Are you switching power with the Input jack or anything like that?

What kind of jacks?   Got pics?


----------



## chongmagic (Jul 8, 2019)

No I have it wired regularly, here are some pics.









						New item by Jonathan Freeman
					






					photos.app.goo.gl
				












						New item by Jonathan Freeman
					






					photos.app.goo.gl


----------



## chongmagic (Jul 8, 2019)

As long as the input and output jacks are not in the enclosure it works fine. Never had this happen before.


----------



## Robert (Jul 8, 2019)

This is usually caused by something making contact with the enclosure (or pots)...   The jacks are grounded so when they're installed in the enclosure they short the culprit to ground.

Look closely at that dual pot.


----------



## Robert (Jul 8, 2019)

Check and see if the 15V regulator or R29 (100R) are getting hot.    Be careful, the resistor could be _really _hot.

If the regulator is getting hot you have a short on the 15V line.

If the resistor is getting hot but the regulator is not, you have a short at the regulator input pin.

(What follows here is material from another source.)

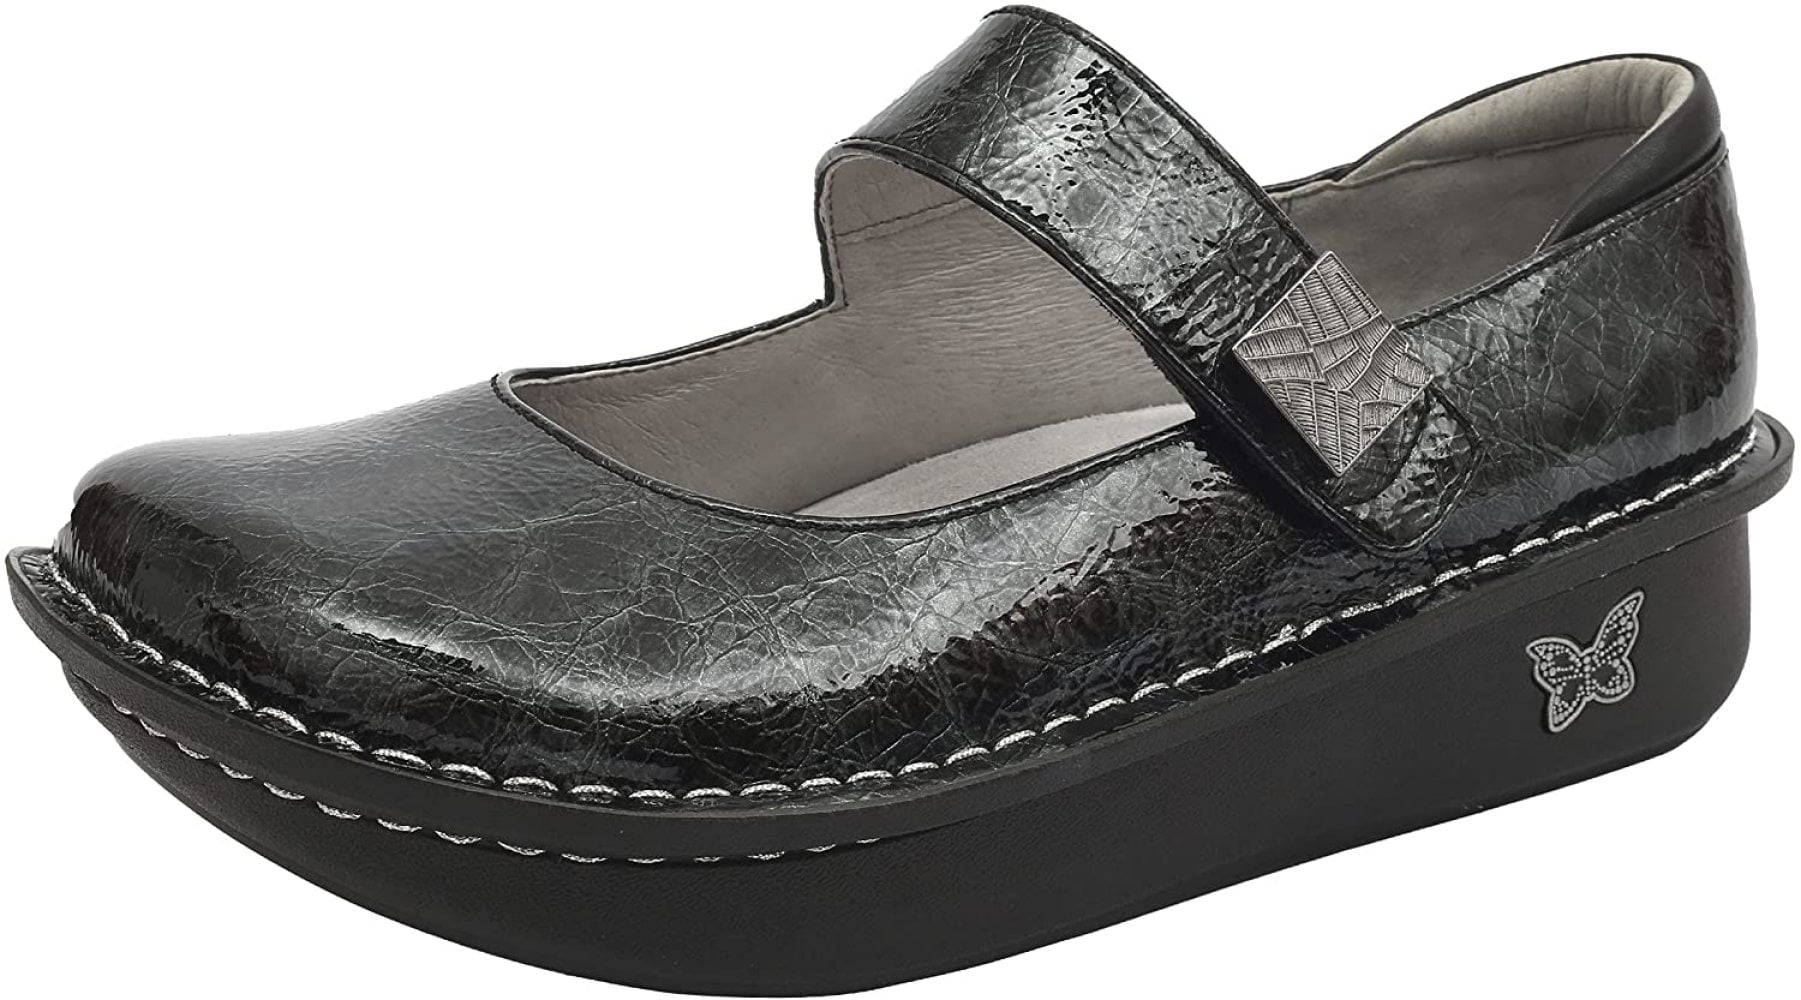 Alegria Alegria Womens Paloma Patent Leather Mary Jane Shoes Size 38 Black Silver

It neither are getting hot you have a short on the 18V line.


----------



## chongmagic (Jul 9, 2019)

Yeah I put a piece of electrical tape behind the dual pot before I soldered it in. Something has to be touching somewhere, I will go over it again.


----------



## zgrav (Jul 9, 2019)

maybe there is already a power short to the enclosure from the board that only goes to ground when the pedals are mounted.  you could check for voltage between the enclosure and ground on the jacks when they are not mounted.


----------



## chongmagic (Jul 9, 2019)

I think that the dual pot was touching the pot above it, I put some electrical tape around it and I think the problem is resolved.


----------



## Kelmark1 (Dec 18, 2019)

mines doing the exact something, chip it getting very hot, your ended up being a grounding problem, I put a good coating of electrical tape on my dual gang pot, I used a TC1044s instead of maxx chip but both get hot


----------



## chongmagic (Dec 18, 2019)

You may want to post a new thread and include some pictures of the pcb front and back with a good shot of the offboard wiring. Just so that it can be seen. If the chip is getting hot, something is shorting. Have you checked the voltages of the chip?


----------